For a better understanding, we give an example with (n, a, b)=(8, 0, 3) as shown in Fig. 3. Assume that \(\varDelta x_{0}=1\), \(\varDelta x_{3}=1\). Only in the case where all input difference bits are active, can \(\varDelta d_0\) be dependent of other bits in \(\varDelta d\), namely \(\varDelta d_0 = \varDelta d_1 \oplus \cdots \oplus \varDelta d_7\).

1. 1.

   \(\varDelta d_0 = (x_0 \oplus x_3) \odot 1 \oplus 1\)

2. 2.

   \(\varDelta d_5 = (x_0 \oplus x_5) \odot 1 \oplus 1\), when \(\varDelta x_5=1\); \(\varDelta d_3 = (x_6 \oplus x_3) \odot 1 \oplus 1\), when \(\varDelta x_6=1\)

3. 3.

   \(\varDelta d_2 = (x_2 \oplus x_5) \odot 1 \oplus 1\), when \(\varDelta x_2=1\); \(\varDelta d_6 = (x_6 \oplus x_1) \odot 1 \oplus 1\), when \(\varDelta x_1=1\)

4. 4.

   \(\varDelta d_7 = (x_2 \oplus x_7) \odot 1 \oplus 1\), when \(\varDelta x_7=1\); \(\varDelta d_1 = (x_1 \oplus x_4) \odot 1 \oplus 1\), when \(\varDelta x_4=1\)

5. 5.

   \(\varDelta d_4 = (x_4 \oplus x_7) \odot 1 \oplus 1\)

Fig. 3.

The affected relationship between input and output difference bits of ROTATION-AND.

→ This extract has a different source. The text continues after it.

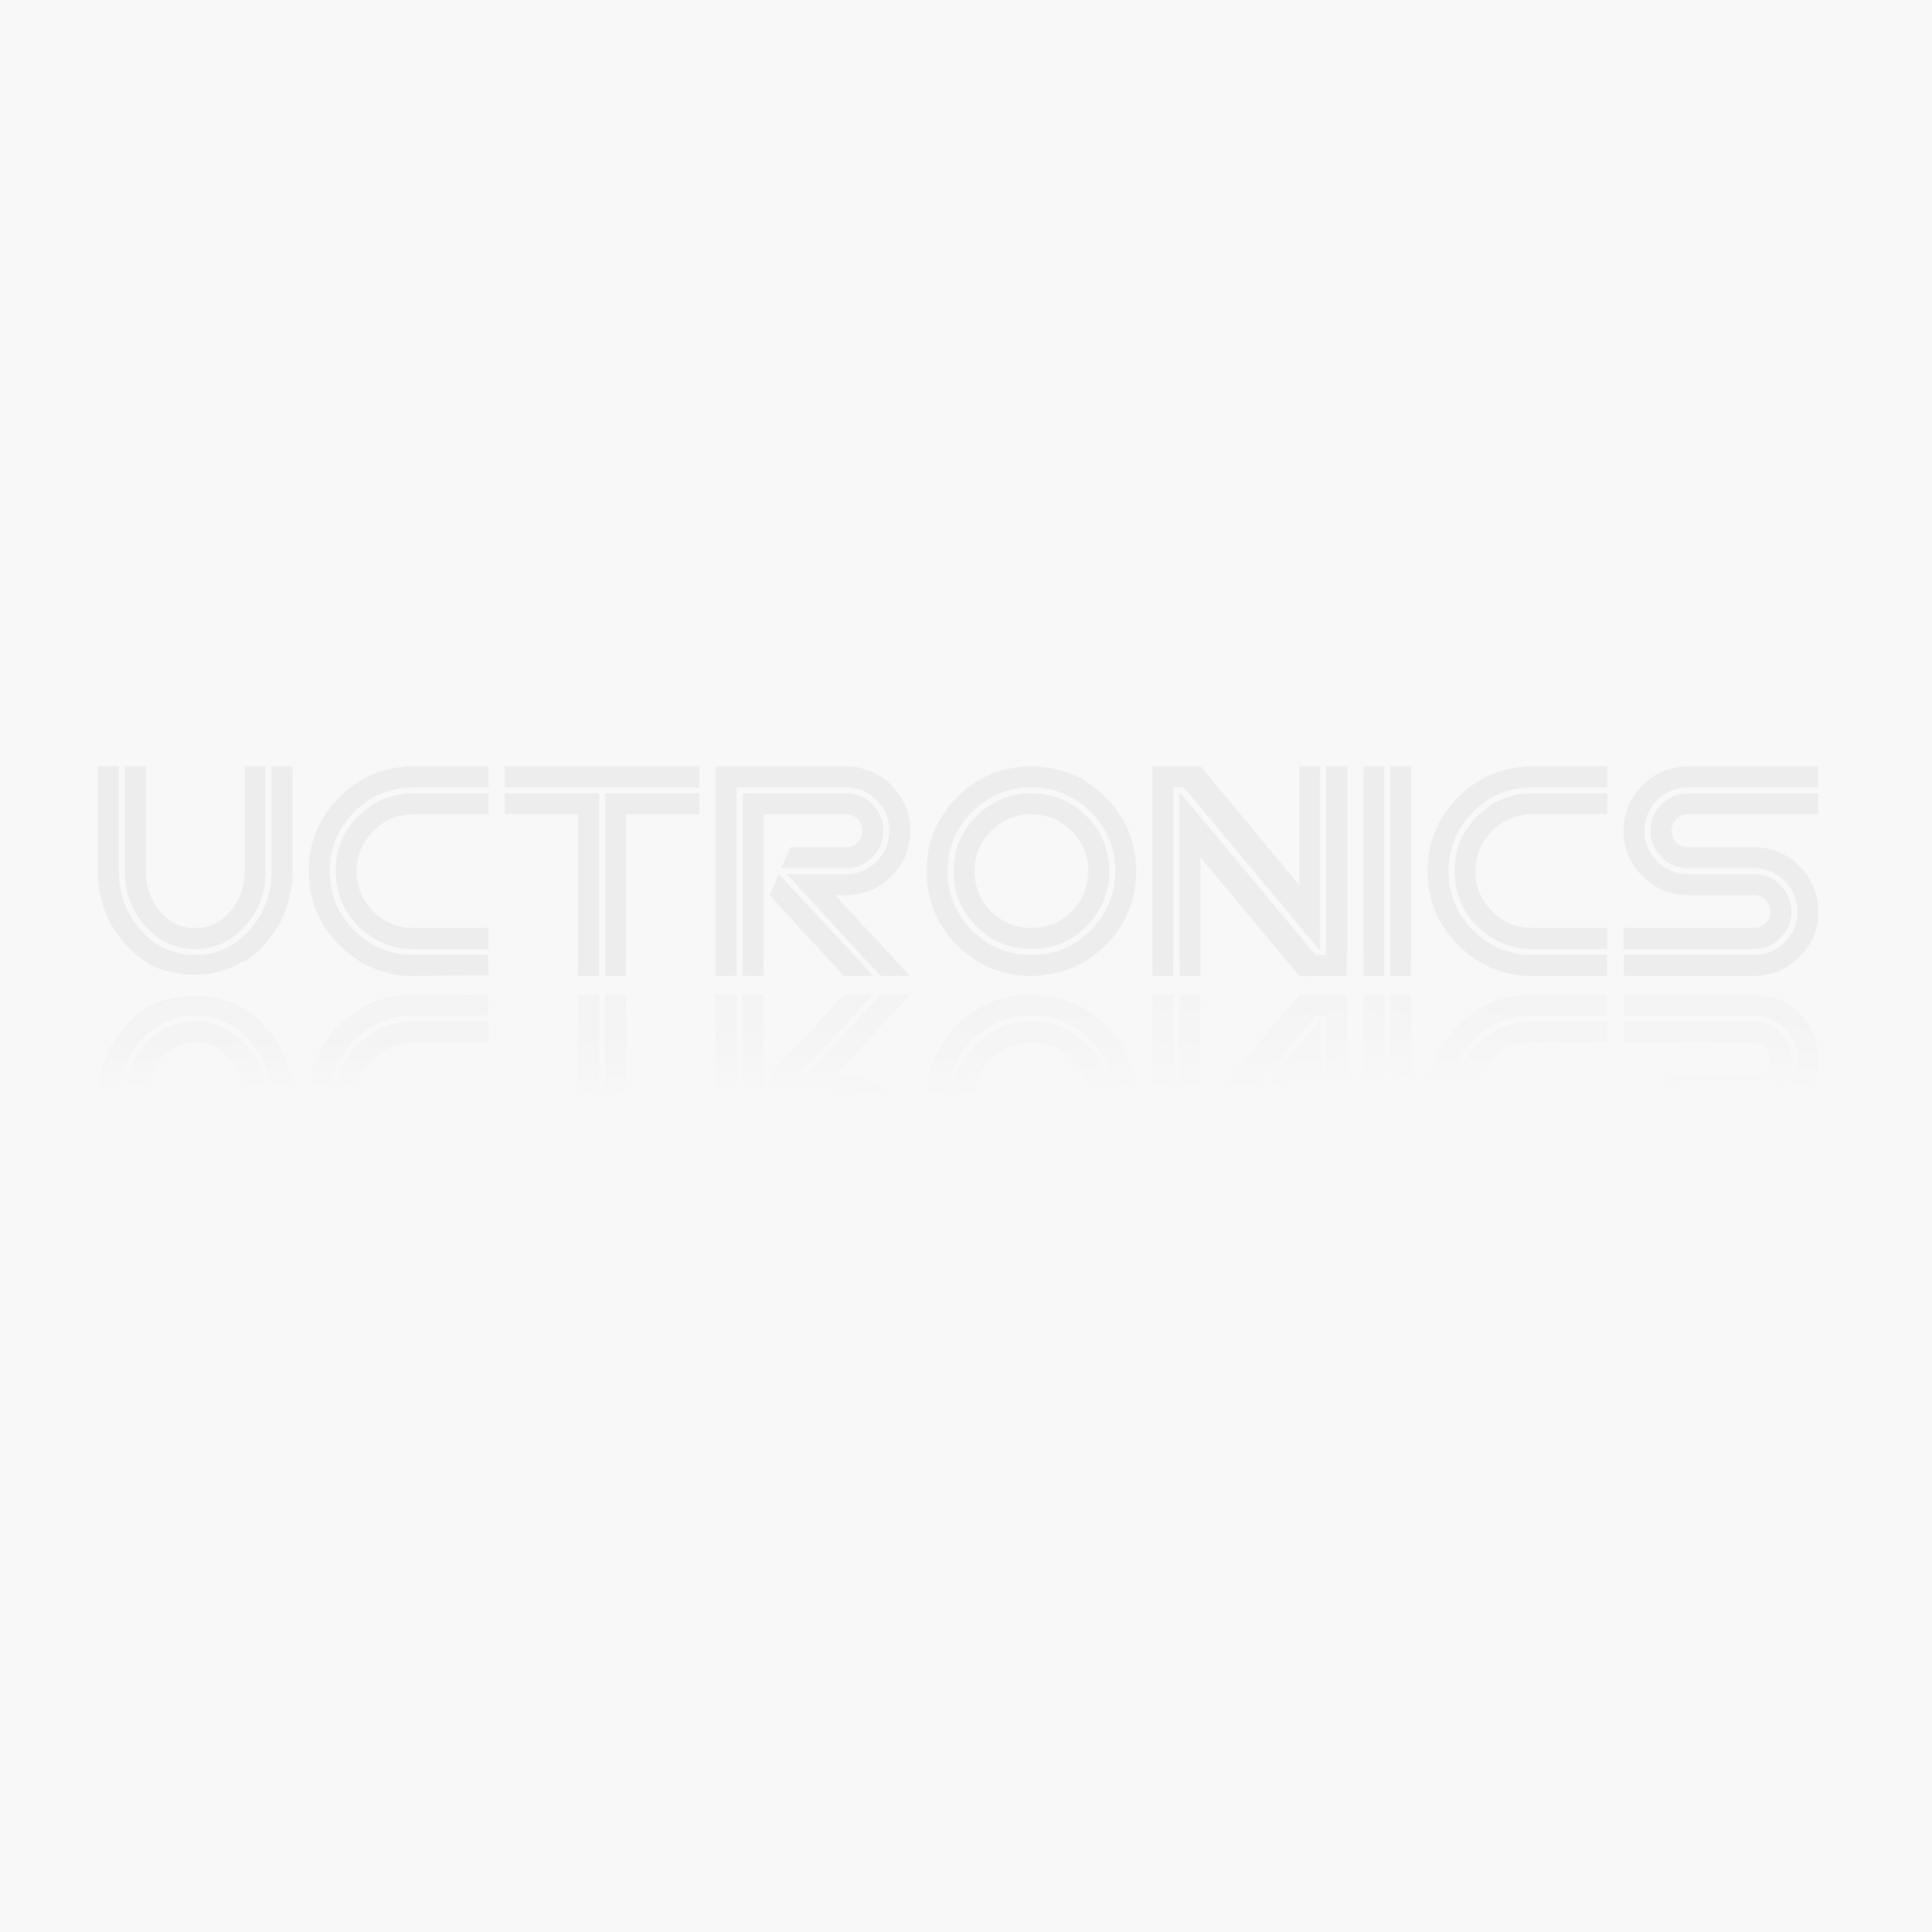 Arducam OV9281 1MP Global Shutter Monochrome NoIR Camera Module with M12 Mount lens for Raspberry Pi 4/3B+/3

Essentially, given \(gcd(n,a-b)=1\), there is only one cycle (\( \left( \begin{array}{cccccccc} 3 &{} 6 &{} 1 &{} 4 &{} 7 &{} 2 &{} 5 &{} 0 \\ 6 &{} 1 &{} 4 &{} 7 &{} 2 &{} 5 &{} 0 &{} 3\\ \end{array} \right) \) in this example). More generally, when \(gcd(n, a-b) = t\), there will be t cycles, and this in some way explains the rationalities of such requirement \(gcd(n,a-b)=1\).